The U.K. government loves to
demonize others for supporting tyrants even as it snuggles up to
virtually every despot in that region. Her Majesty’s Government has a
particularly close relationship with Bahrain, where it is
constructing a new naval base. The Kingdom is already home to the United
States’ Fifth Fleet.
The tribunal’s rationale is that “full disclosure of the
document would have ‘an adverse effect on relations’ with Bahrain, where the
U.K. is keen to build further economic and defence ties.” In other words,
disclosing these facts would make the British and/or the Bahrainis look bad,
cause them embarrassment, and could make their close friendship more
difficult to sustain. Therefore, the British and Bahraini populations must
be denied access to the evidence of what their governments did.
This is the core mindset now prevalent in both the U.S.
and U.K. for hiding their crimes from their own populations and then rest of
the world: disclosure of what we did will embarrass and shame us, cause
anger toward us, and thus harm our “national security.” As these
governments endlessly highlight the bad acts of those who are adverse to
them, they vigorously hide their own, thus propagandizing their publics into
believing that only They — the Other Tribe Over There — commit such acts.
This is exactly the same mentality driving the Obama
administration’s years-long effort to suppress photographs showing torture
of detainees by the U.S. In 2009, Obama said he would comply with a court
ruling that ordered those torture photos disclosed, but weeks after his
announcement,
reversed himself. Adopting the argument made by a group run by Bill
Kristol and Liz Cheney against disclosure of the photos, Obama insisted
that to release the photos “would be to further inflame anti-American
opinion and to put our troops in danger.” Obama went further and announced
his support for a bill sponsored by Lindsey Graham and Joe Lieberman to
amend the Freedom of Information Act — a legislative accomplishment which
Rep. Louise Slaughter told
me at the time had long been “sacred” to Democrats — for no reason other
than to exempt those torture photos from disclosure.
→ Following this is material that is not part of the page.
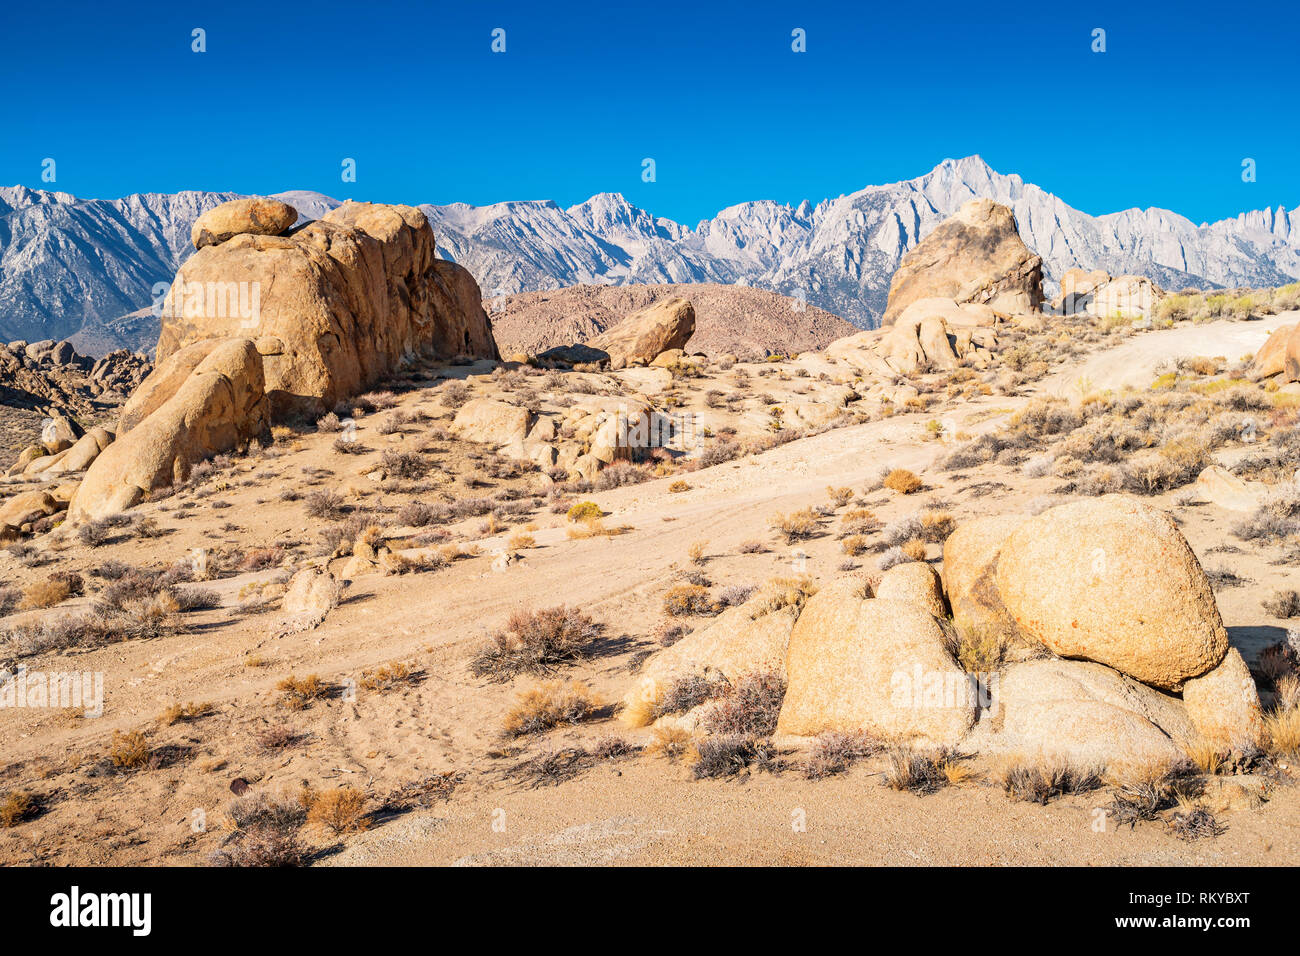 Dirt road leads through rock formations in the Alabama Hills, Lone Pine, California, USA. Stock Photo

In March of this year, a U.S. judge who had long sided
with the Obama DOJ in this matter reversed course. In a lawsuit brought
in 2004 by the ACLU, the judge ordered
the release of thousands of photos showing detainee abuse in Afghanistan
and Iraq, including at Abu Ghraib. He ruled that the Obama DOJ could no
longer show any national security harm that would justify ongoing
suppression.
Rather than accepting the ruling and
releasing the photos after hiding them for more than a decade, the U.S.
Justice Department last week
filed an emergency request for a stay of that ruling with the appeals
court. The argument from The Most Transparent Administration Ever™:
No healthy democracy can possibly function where this
warped mindset prevails: we are entitled to hide anything we do that
makes us look bad because making us look bad harms “national security,” and
we are the ones who make that decision without challenge. As the ACLU’s
Jameel Jaffer said:
To allow the government to suppress any image that
might provoke someone, somewhere, to violence would be to give the
government sweeping power to suppress evidence of its own agents’
misconduct. Giving the government that kind of censorial power would
have implications far beyond this specific context.
But even more threatening than the menace to democracy is
the propagandzied public this mentality guarantees. A government that is
able to hide its own atrocities on “national security” grounds will be one
whose public endlessly focuses on the crimes of others while remaining
blissfully unaware of one’s own nation. That is an excellent description of
much of the American and British public, and as good an explanation as any
why much of their public discourse consists of little more than
proclamations that Our Side is Better despite the decades of
brutality, aggression and militarism their own side has perpetrated.